Rabbit's hands still seem pretty dexterous to me.
They were easy to make my hands move in, but they weren't so easy to eat with. Unless it was in the show, I couldn't just pick up food and eat on the side-table. I lost a lot of weight! I'm only about 140 as it is; I'm skinny.
*chuckle* One time I passed out from the heat exhaustion, we were doing a jitterbug number and all of a sudden I went down. I mean I got down flat on the floor and passed out. I woke up like a second later. I was lying face up, and they had my roller blades off, and they were cutting me out of the suit. And Patti, dear Patti Columbo the choreographer, was leaning over my face patting my tummy going "Patrick! Patrick, look at me! Are you alright?!" And they were going to call an ambulance, and the paramedics had to come... but I said "Patti?" And she said "yes?" while she was rubbing my stomach, and I said "I can't feel that." Because she was rubbing the belly of the Rabbit! We started laughing. People tend to forget that underneath this rabbit creature was a 130lb skinny dude.
Did she keep rubbing your tummy anyway?
No~ Everybody laughed.
I would have.
One of the things I find fun is when I meet people in their early 20's and they see in my resume if I'm working with them, they get really reverent 'cause I'm the Rabbit. And then they're like "I thought you were taller." "I thought you were older!" "I thought you were English!" It's such a funny thing, the world of pretend.
My mom came on to the set one time. The first time she came on to the set, honestly, she wouldn't have recognized me if she hadn't known the character I was playing. There's no way anyone would recognize me except for the voice, and if they really knew your eyes. It's just such a trip.
Rabbit and Hare have what I like to call "bunny tension", because they get on each other's nerves a lot. Were you conscious of this, were you inspired by it, and did you and Reece have a similar or different relationship?
Reece was great! He and I never got to really work super-together. Reece goes about his work in a different way than I do. I'm a little more loosy-goosy and he is just very professional and extremely efficient, like he will really always be right there for everyone, he really really will. I'm a little more like off doing my own thing. Reece was a great example to me; a constant source of inspiration to me of how professional you could be under the most difficult circumstances, because he had crappy make-up to deal with too. His head was not a head; it was a big wig with these ears, so he had a head-ache every day. They corn-rowed his hair and they'd pin this thing in so tightly so he could move around and his ears could flap around and such. It took something to keep that sucker on, and Reece would go "tighter, no, go ahead, do what you need to do, have it work." He was just like that.
But we didn't really get ridiculously close, but, like I said, everybody had a hard job ahead of them. But I love him; I actually really admire and respect him.
The thing that happened with the animosity between the Rabbit and the Hare -- I think it started with me putting it in just for fun. I started to have the Rabbit be kind of snobby, but also just over everybody. He was over the Queen, he just couldn't say so. He loved everybody, everybody loved everybody, but Rabbit was just always over them; he was over the Hatter, he was over everybody except Alice.
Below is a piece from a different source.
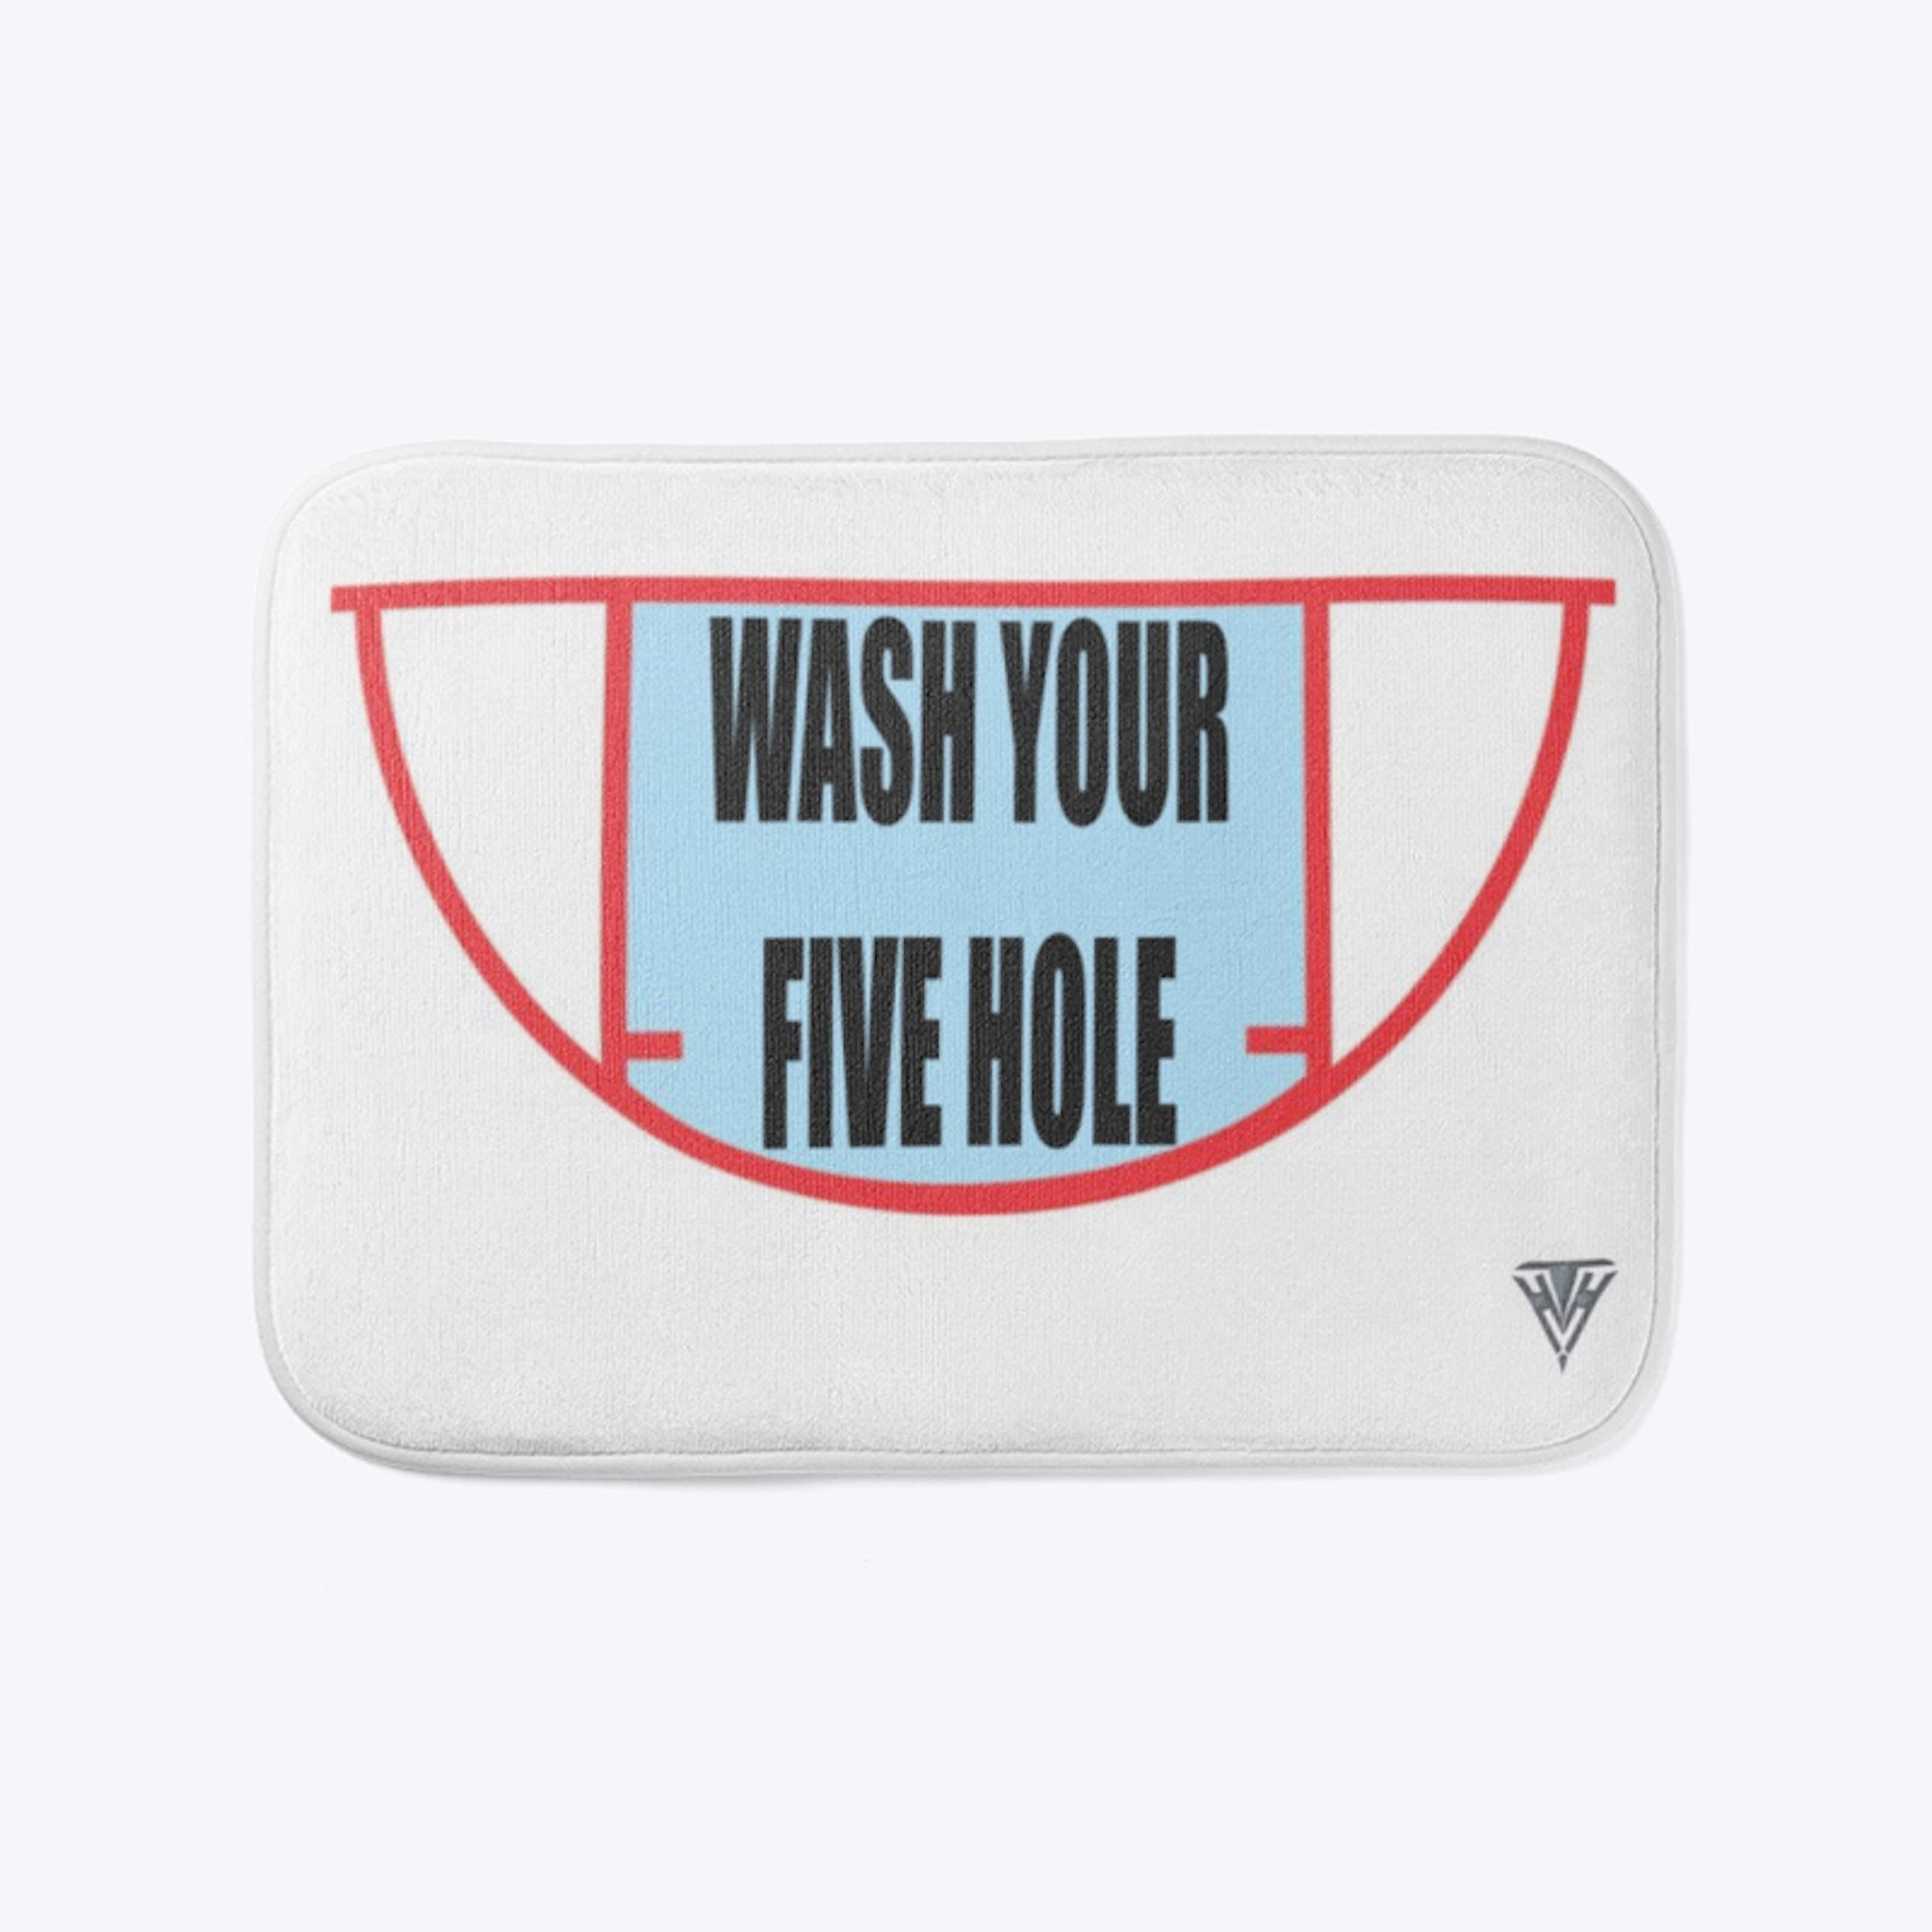 WASH YOUR FIVE HOLE!

I kind of like that. I liked that the Rabbit was always just like "aghh, God..." "Screw these people."
The Mad Hatter was mad, so you couldn't really blame him, but the Hare was just obnoxious, so you could have fun with that, and Reece would play it like "GHGOHGOHAGHA"! So it was great always being able to react to that. Basically, he set me up to react. One of the things about acting is when you strike gold, or you sort of hit something that feels just right, even though you didn't plan it, it just sort of happens. You unconsciously go "yep, uhuh, that's good. That's a good fit right there, let's keep that going."
I imagine the actors would inspire the writers a lot as the show went on.
That happened a lot with John. Yeah, actually, they happened with all of us. They got inspired by the way we were playing the roles and they got incentive based on what we were bringing that they hadn't thought of. There were episodes that we all loved that were special to everyone, I think because they were special on their own. Like, when we did the Christmas episode, that was special; that was the first time we had Wonderland depicted at night, and it was the one where it snows. We just knew that that was going to be special. It was going to be aired at night, and kids were going to want to see it. Even though it was Christmas, and it didn't embrace other traditions, and it didn't do all that stuff, which I had a problem with at the time, I still felt like "it's special. It's beautiful what we made."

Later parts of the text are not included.